As Cameron McCormack pointed out, I think the bone of contention is if
these things should be parse errors or not.

There seems like there is agreement that misnested tags should be a
parse error and actively discouraged. My reason for believing that it
should be an error is that generally there is very little reason to do
so, and when it happens it's an indication that someone made a
mistake. We can do a bunch of guessing as to what the author wants,
but it is just that, guessing, so we're bound to get it wrong
sometimes (or even often).

I don't feel like the same applies to unquoted attributes. For example
<script defer> is easier to read than <script defer="">. And <input
type=file> seems as easy to parse without guessing as <input
type="file">.

The same thing goes for case insensitive tag names. It's seems strange
to me to argue that tag names should be case sensitive, while at the
same time would never think of introducing two elements with names
only differing in what casing they use.

But most importantly, it seems very confusing to me to have a markup
language where some tags are parsed severely different from other
tags. So unless we can make HTML require quotes, I think it would be
very inconsistent to require that from SVG-in-HTML.

> Implementers seems to have rejected out of hand (violently in
> some cases) the notion of a UI feature to allow access to the
> error-corrected resulting code (though maybe an API might be acceptable?).

I didn't see anyone objecting to having a UI feature that allowed
access to the error-corrected code. Though I might have missed it of
course.

What I, and I think others, objected to was having the spec *require*
these features. Just as I would object to having the spec require
access to the off-the-wire code. My experience when w3c or ietf specs
in the past have required UI, the result have been bad.

I'm all for putting informative language in the spec that encourage
access to the error-corrected code in UAs. But I don't want to spend
resources on debating and researching what the optimal UI should be.
That I think is better left up to time and implementors.

>  Indication of error is another option, and if it's consistent, maybe the
> error console is enough... but right now, it's not consistent.

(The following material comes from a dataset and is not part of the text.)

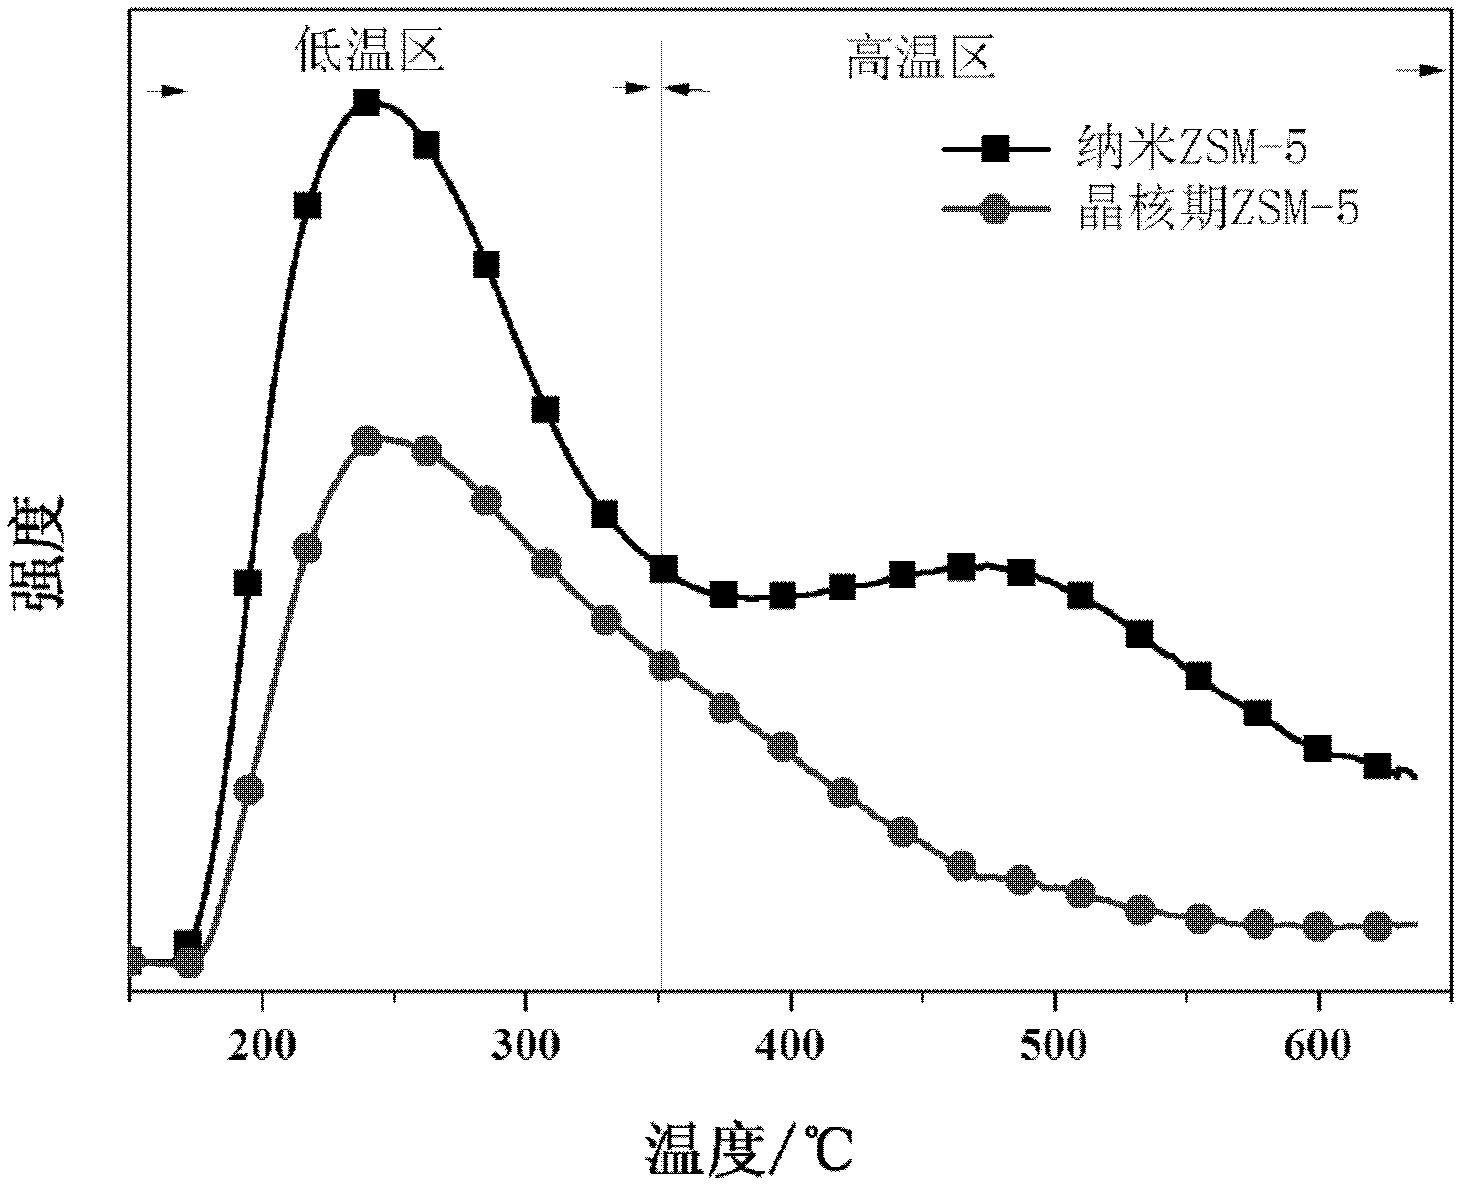 Method for preparing propene by catalytic cracking

Note that I don't think any UA is considering reporting any parse
errors. Not even misnested tags. Henri has better data, but checking
for just the parse errors that are in the spec now require
significantly more resources than just recovering from them.

>  While
> unclosed elements are tagged as parse errors, unquoted attributes are not;
> someone made the argument that since browsers *can* recover from unquoted
> attributes, it shouldn't be a parse error, but that same argument can be
> made for unclosed attributes, or understood <html:tbody> elements, or any
> other markup convention that is error-corrected when it's put into the DOM.
>  At what point does "parse error" mean anything at all?

I'm not sure I agree with you here. Unclosed attributes we can't and
in fact don't recover from. For example

...<input value="should end here> label here <table><tr><td>and here
is a table</tr></td></table>

in this case, everything from the "should end here" until the end of
the file (assuming it ends after the table) will be put inside the
@value attribute on the input element.

As for understood tbody elements. I'm definitely not a fan of the
implicit tags in HTML. But it's something that HTML4 says is valid and
so it's hard to make HTML5 claim it is invalid. So it's not a parse
error and so there is technically no error-correction happening.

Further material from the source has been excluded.